Dog gone. . .and found.

What I am about to tell you is a story that could begin with any number of canine puns: Every dog has its day. It’s a dog’s life. Here’s a pup that was dog tired. The one thing it is not, however, is a shaggy dog story: A long rambling tale with a ridiculous ending.

Lila Silky Willow is the full name of Karen Lueders’ and Jim Dumont’s 6-year-old black and white cocker spaniel. She has three names because Lueders and Dumont have three children and whenever the family gets a pet each of the children contributes a name. The family lives in the hills south of Lincoln, their home surrounded on three sides by forest. Lila was the runt of the litter; the dog’s owner had told Lueders that the puppy wouldn’t survive. But Lueders thought she was adorable and said if the puppy did hang on, she would take her. Lila lived and came home with a litter mate the family called Pippen Miles Alexander in 2003.

This autumn, Oct. 15, just before dusk, Lila was tied by her leash to a small tree in the woods perhaps a quarter mile from the house while one of the children was climbing a nearby boulder. She was wearing her orange safety vest. Something excited Lila, and she broke free and raced into the darkening woods, dragging her leash behind her. The family searched long and hard that night. Dumont was so disoriented at one point in the forest that the family’s youngest daughter had to honk persistently on the car horn to help guide him from the woods.

Over the next week, the family tried everything to find Lila. On Saturday, the 17th, a dozen neighbors joined them to methodically comb the surrounding woods. Lueders posted photos across Lincoln, Ripton and Bristol. She used Lincoln’s Internet list-serve to share photos of Lila in the event someone spotted her. And on Oct. 22, she and her husband brought in a Plott hound — a breed trained to track a scent relentlessly — to try and find Lila. The animal tracked Lila to a nearby beaver pond … and then to some coyote scat with hair in it that seemed to match Lila’s coloring.

“I’d say that we now thought we were going to be a household without Lila. She was gone,” Leuders recalls. “But I always found myself thinking, ‘What if?’ as I drove.”

On the second day of deer season this month, a full 31 days after Lila had disappeared, Monkton’s Aaron Labell was moving slowly through the woods perhaps a mile in from the Notch Road.
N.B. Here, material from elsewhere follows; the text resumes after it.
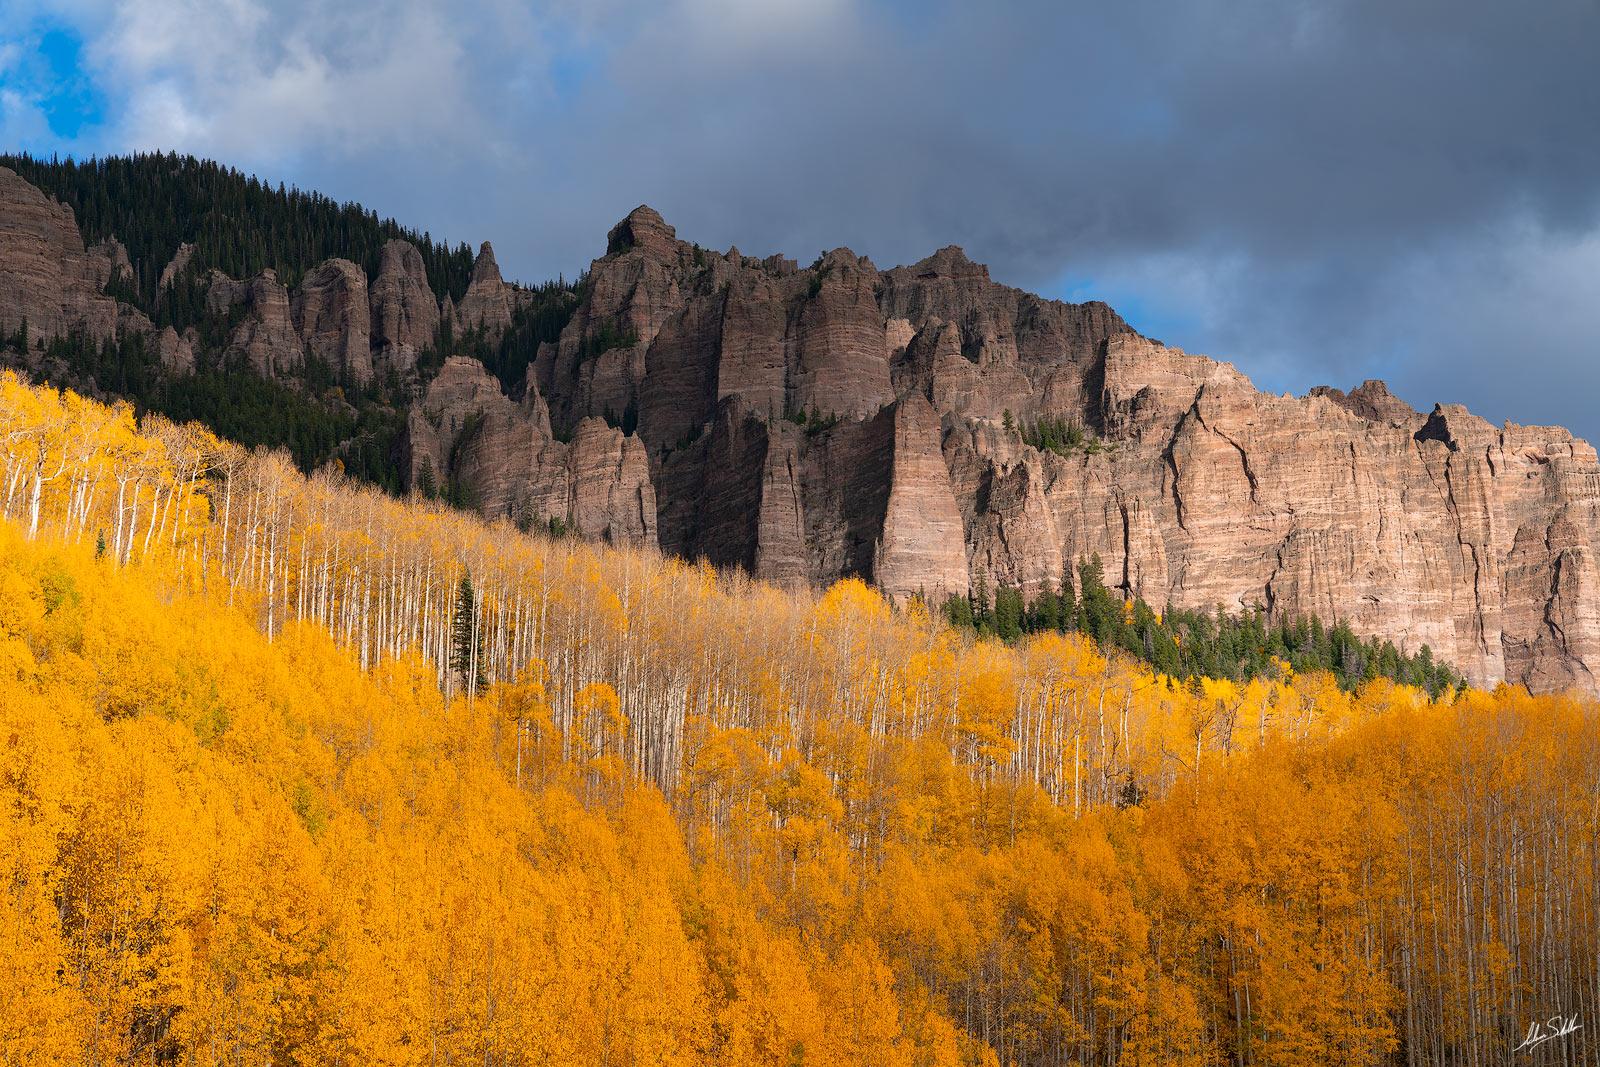 Brilliant fall color below the pinnacles overlooking Silver Jack Reservoir in the San Juan Mountains of Colorado. © Adam Schallau...
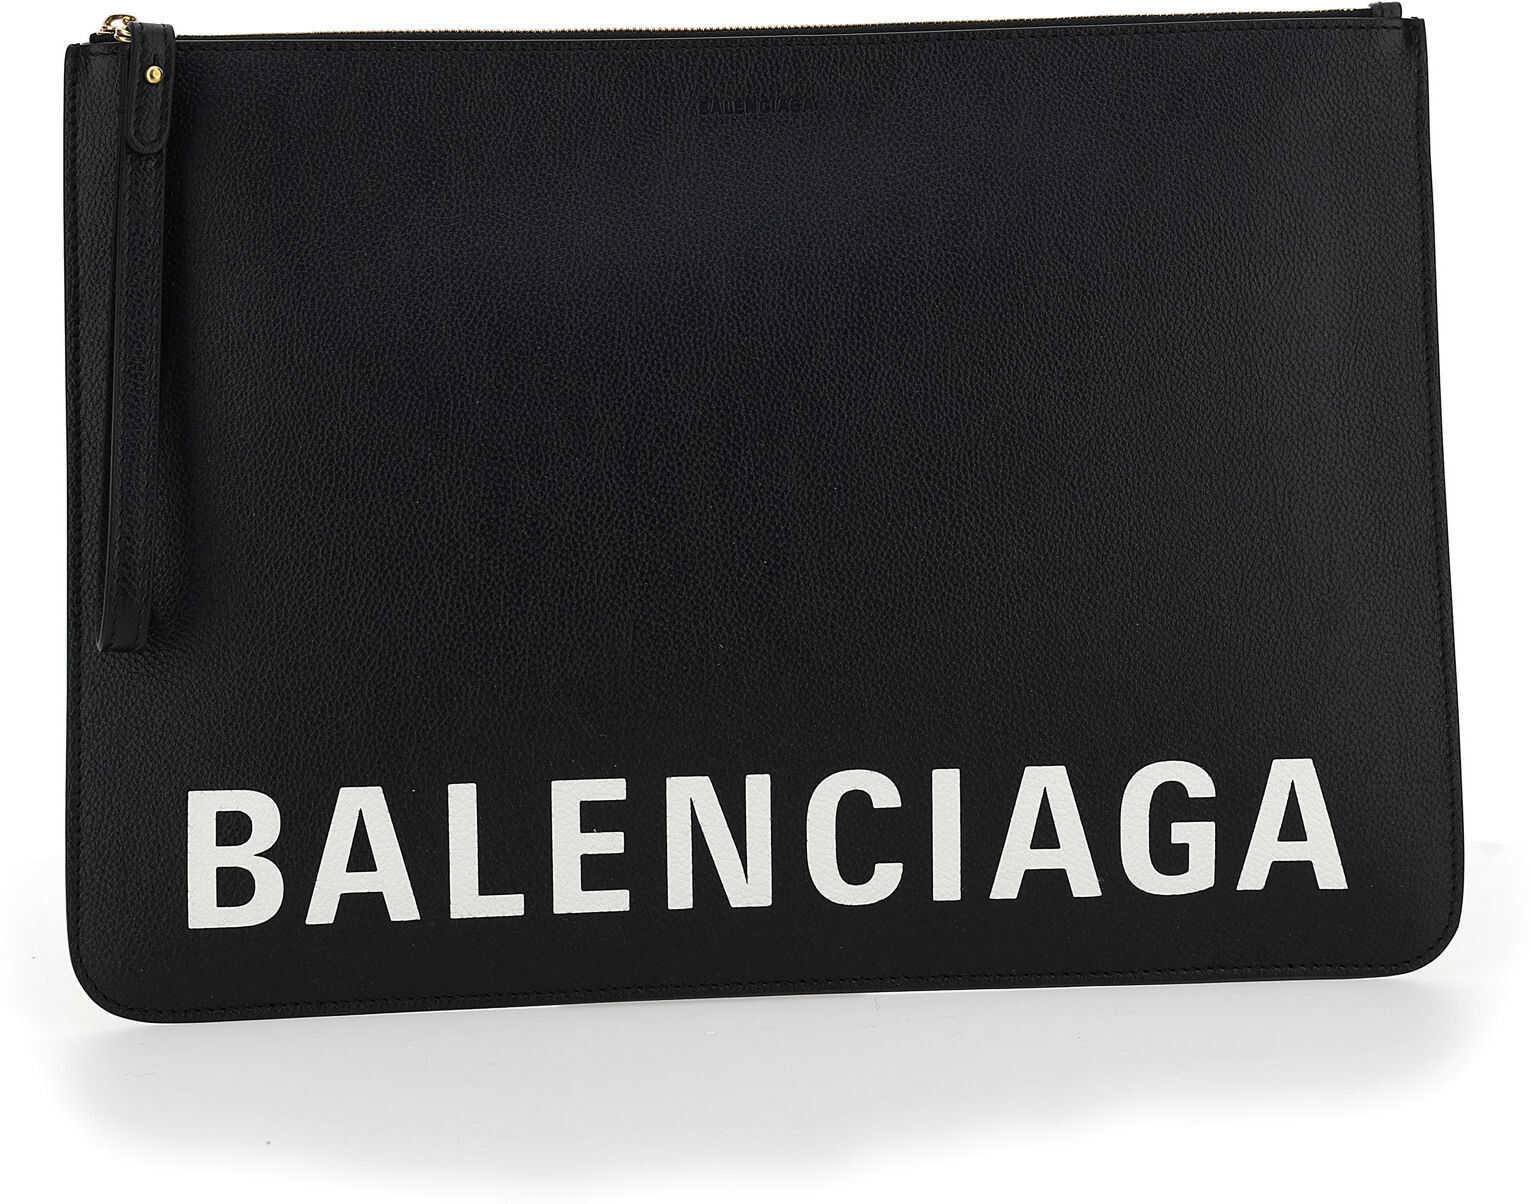 Balenciaga Pouch 6306261IZKM N/A imagine b-mall.ro

It was Nov. 15. Up ahead he saw something and paused. “I saw the fur and the orange and I knew it was a dog,” he says. The animal was caught by its leash to a sapling and couldn’t escape. “The area around it was matted down in a circle from where it had been pacing.”

The animal was skinny, her fur was a mess, one eye looked bad, and she was disoriented. But she was very much alive. The first thing Labell did was feed the ravenous dog his Rice Krispies Treat and his bologna sandwich. Then he freed the animal and carried her back to his truck, stopping when he came across a stream so the parched dog could drink. Labell hadn’t heard about Lila, and so he brought the dog to the Bristol Country Store on Vermont 116. There Tim Gratton happened to be shopping and he agreed to take on the search for the dog’s owner so Labell could return to the woods and his quest for a buck.

Vermont is a small state, and Bristol and Lincoln are small towns. Consequently, Gratton called the local pizza parlor, Cubber’s, to see if anyone there had heard about a missing dog. Amanda Lee was working that day and she suggested that Gratton call Lueders and Dumont. He did.

Lueders says there had been false alarms throughout Lila’s disappearance and she and her husband had followed up on all of them, even the ones that were merely someone phoning to say they had heard a dog barking in the woods. After the fur had been found in the coyote scat, she wasn’t about to get her hopes up. But as she and Dumont were driving to the Bristol Country Store, her husband turned to her and said, “The dog is wearing an orange vest.” And she realized she was about to see something pretty wondrous.

Indeed, there was Lila sitting on Gratton’s lap in the driver’s seat of his truck in the parking lot of the store. “I was shocked when I saw her, I was overcome,” Dumont says.

The dog, though weak, recognized him. She kissed him on the lips, her habitual greeting. Then, as Dumont lifted her away from Gratton, she kissed him, too.

Lila’s weight had plummeted from 27 pounds to 16. She had lived on melted snow and rain. She had probably depended on that vest more for warmth than visibility. And, Lueders believes, the human scent that was attached to the vest may have been what kept larger animals at bay.

In her first 48 hours home, Lila gained back over three pounds. Her eye will be fine.

On the afternoon that Lila was reunited with her family, Dumont had told Gratton that the dog had been gone for 31 days. Gratton smiled and said, “Well, Happy Thanksgiving.”

For a family in South Lincoln and one cocker spaniel, it was indeed. Miraculously, Lila was home for the holidays.